BEGIN RECORDED INFORMATION
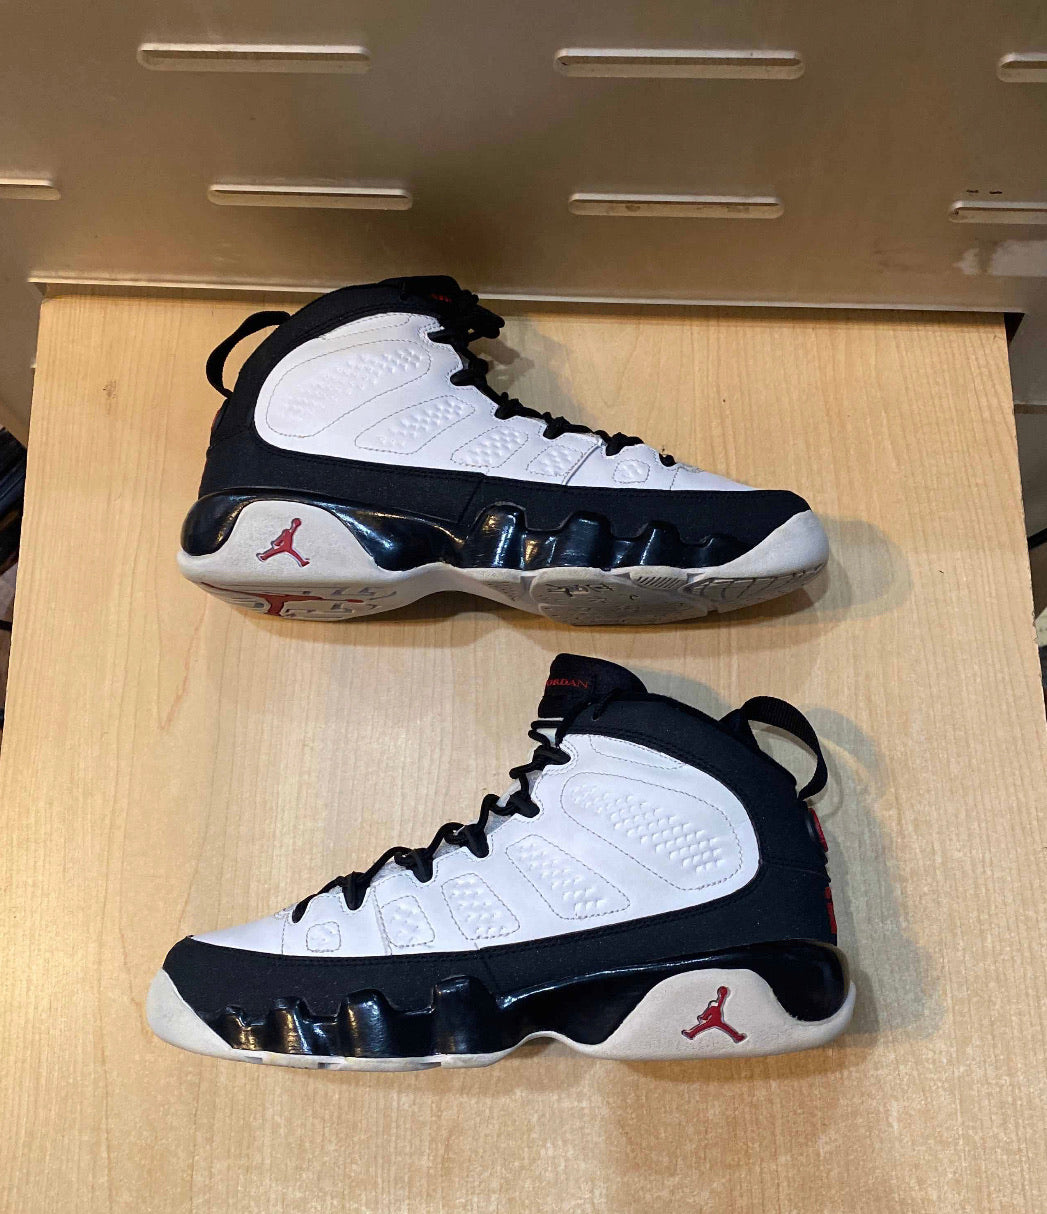 Playoff 9s Size 6Y
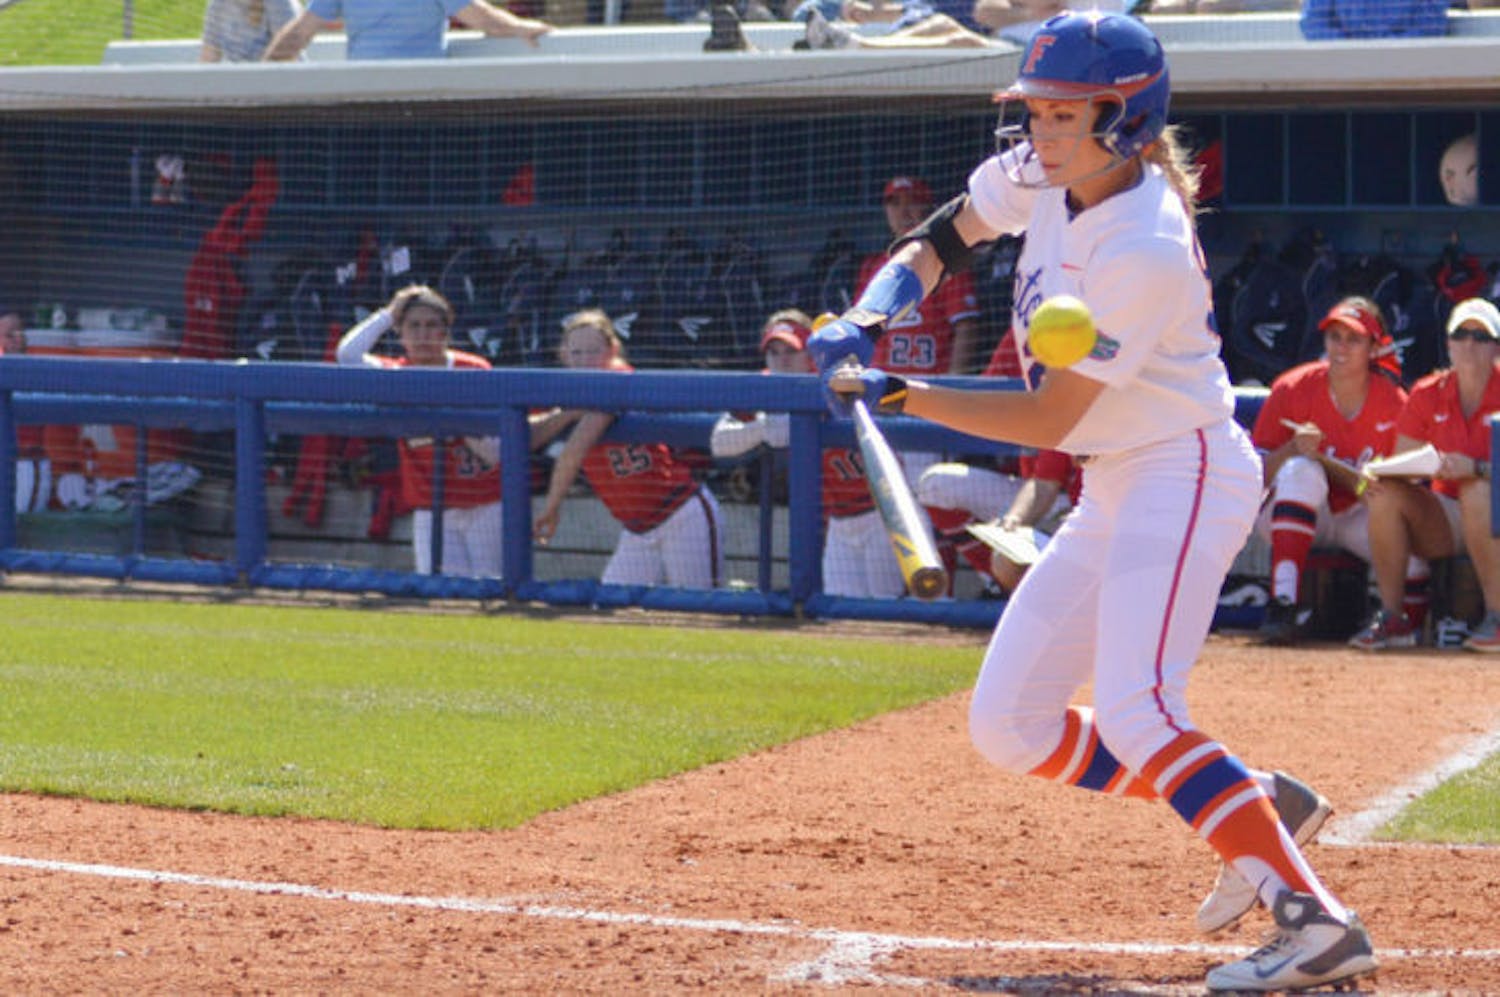 Justine McLean bats during Florida’s 2-0 win against Ole Miss on March 9 at Katie Seashole Pressly Stadium.
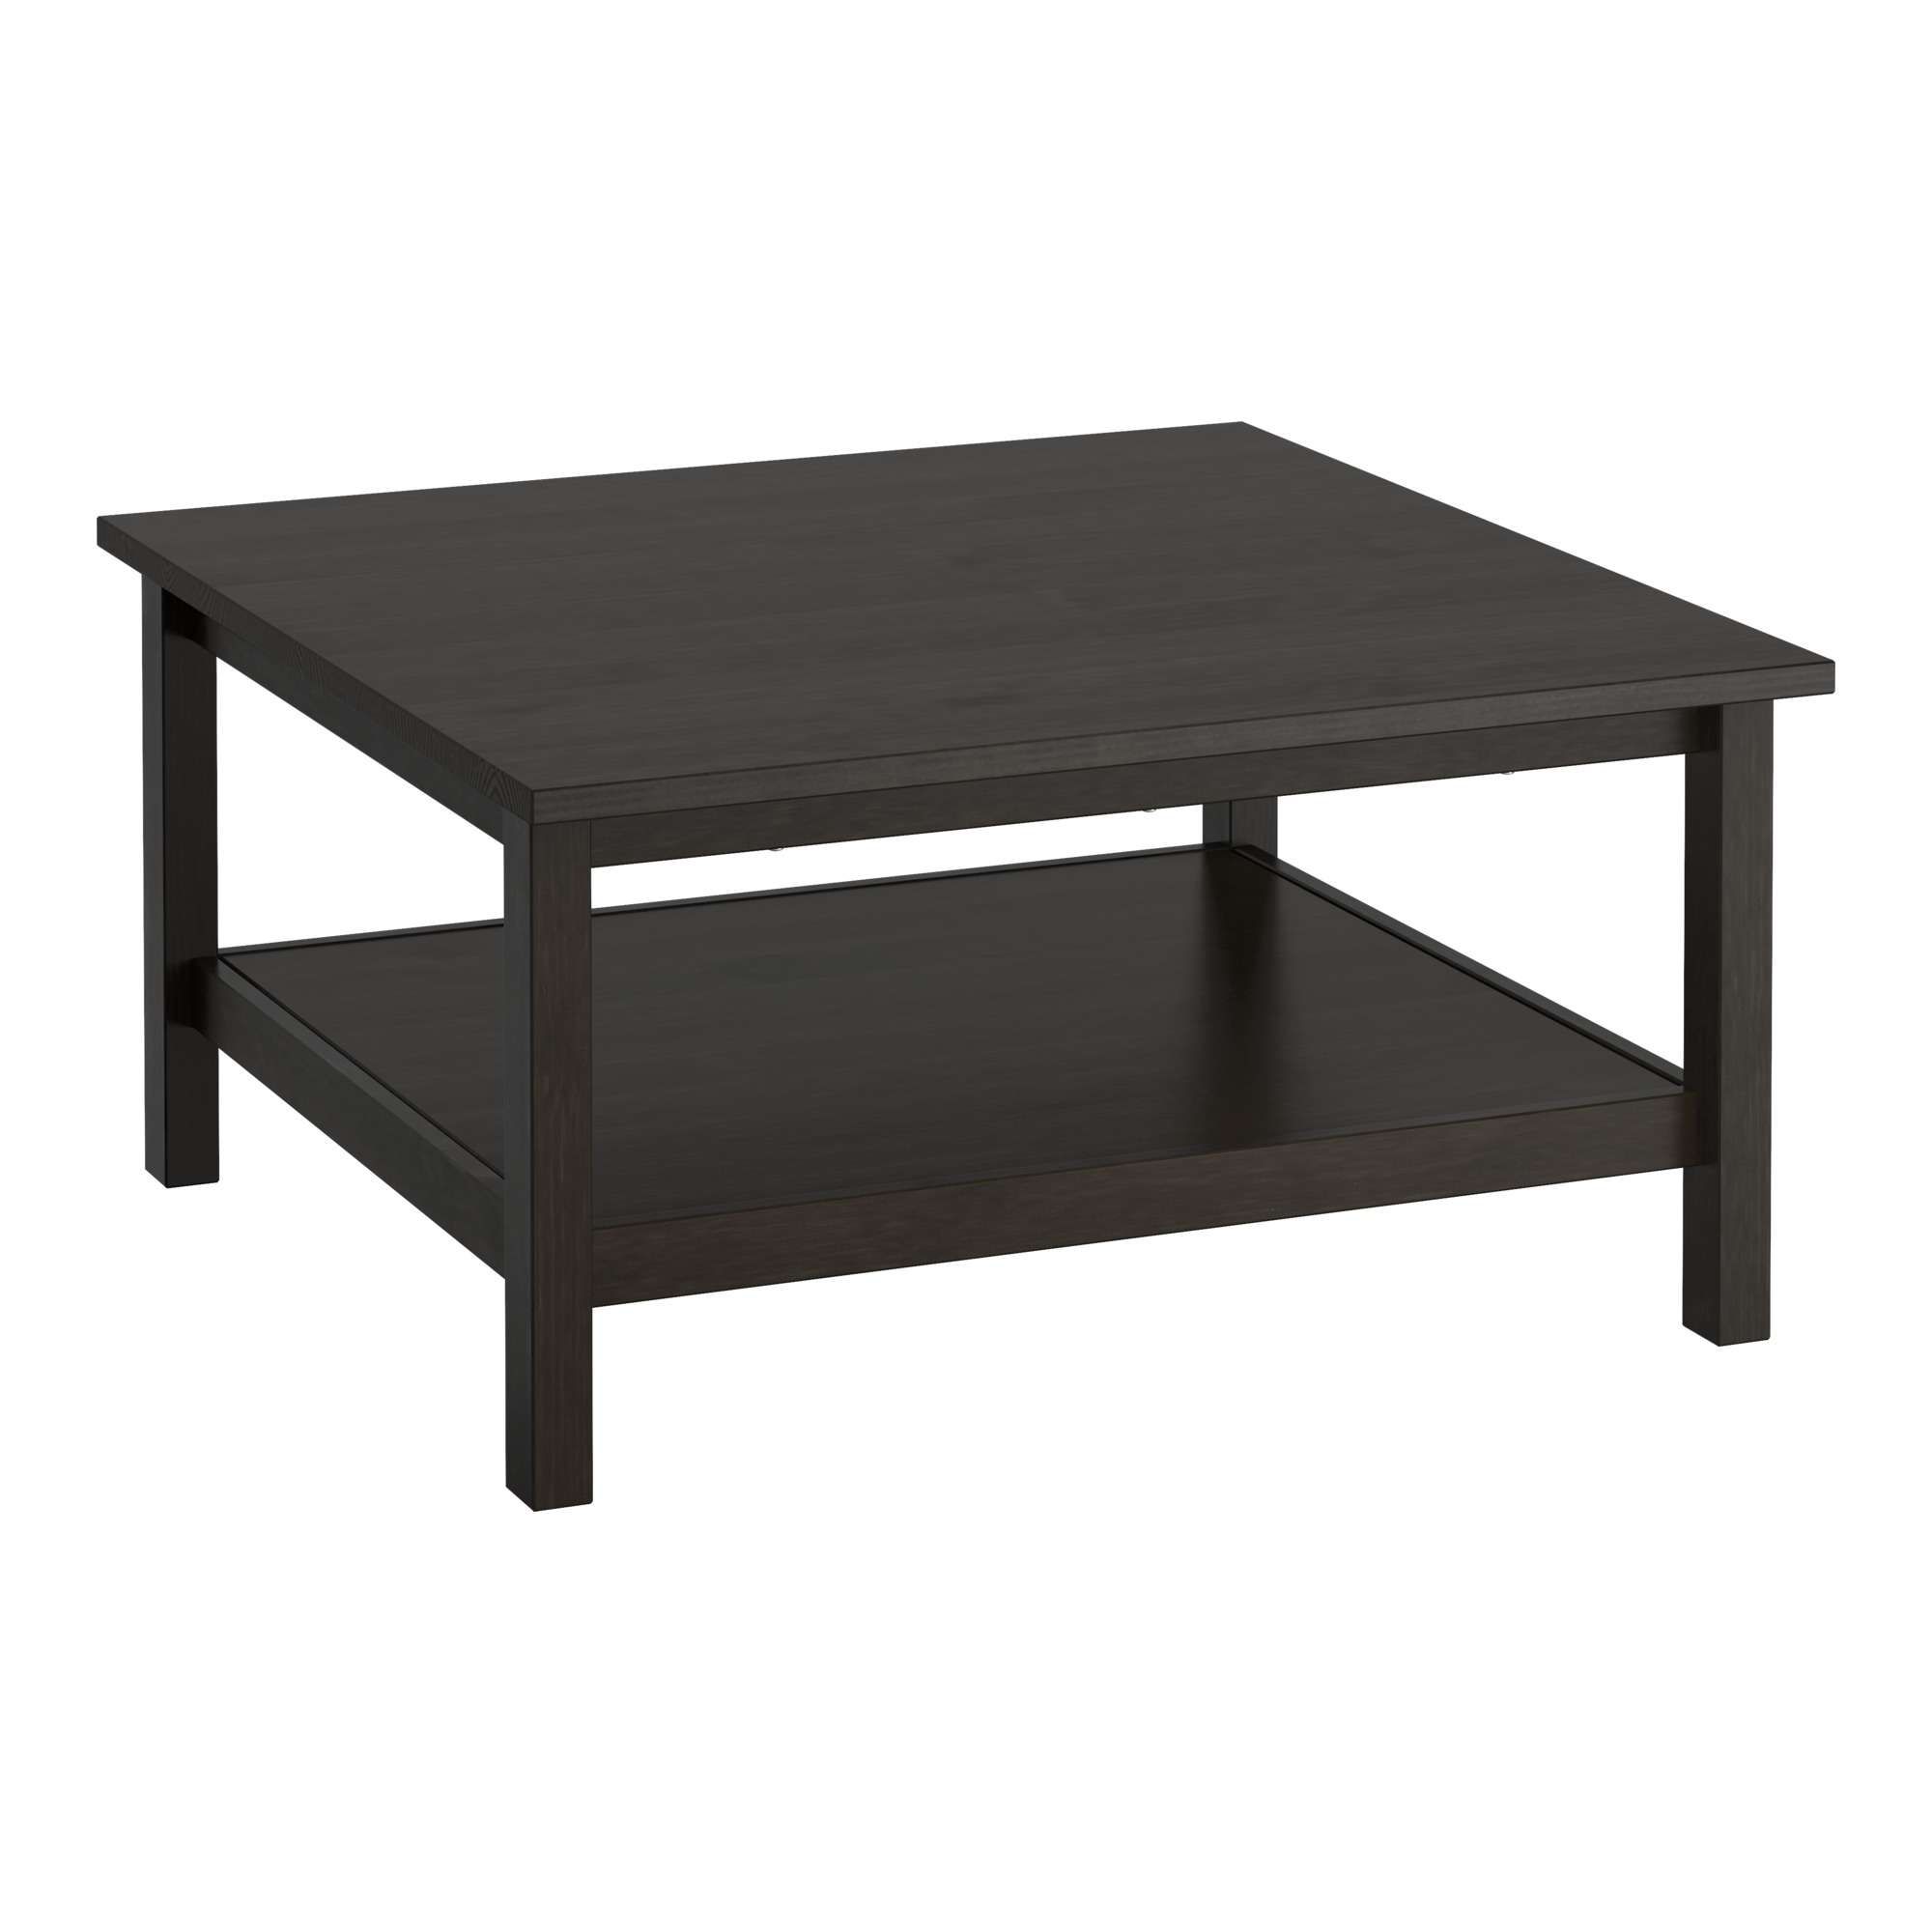 Favorite Dark Wood Square Coffee Tables Regarding Coffee Tables – Glass & Wooden Coffee Tables – Ikea (View 2 of 20)
END RECORDED INFORMATION
TASK REQUIREMENTS: From the first line to the last, give the data again exactly, but without pictures.

SOLUTION FOR THIS TASK:
 Playoff 9s Size 6Y
 Justine McLean bats during Florida’s 2-0 win against Ole Miss on March 9 at Katie Seashole Pressly Stadium.
 Favorite Dark Wood Square Coffee Tables Regarding Coffee Tables – Glass & Wooden Coffee Tables – Ikea (View 2 of 20)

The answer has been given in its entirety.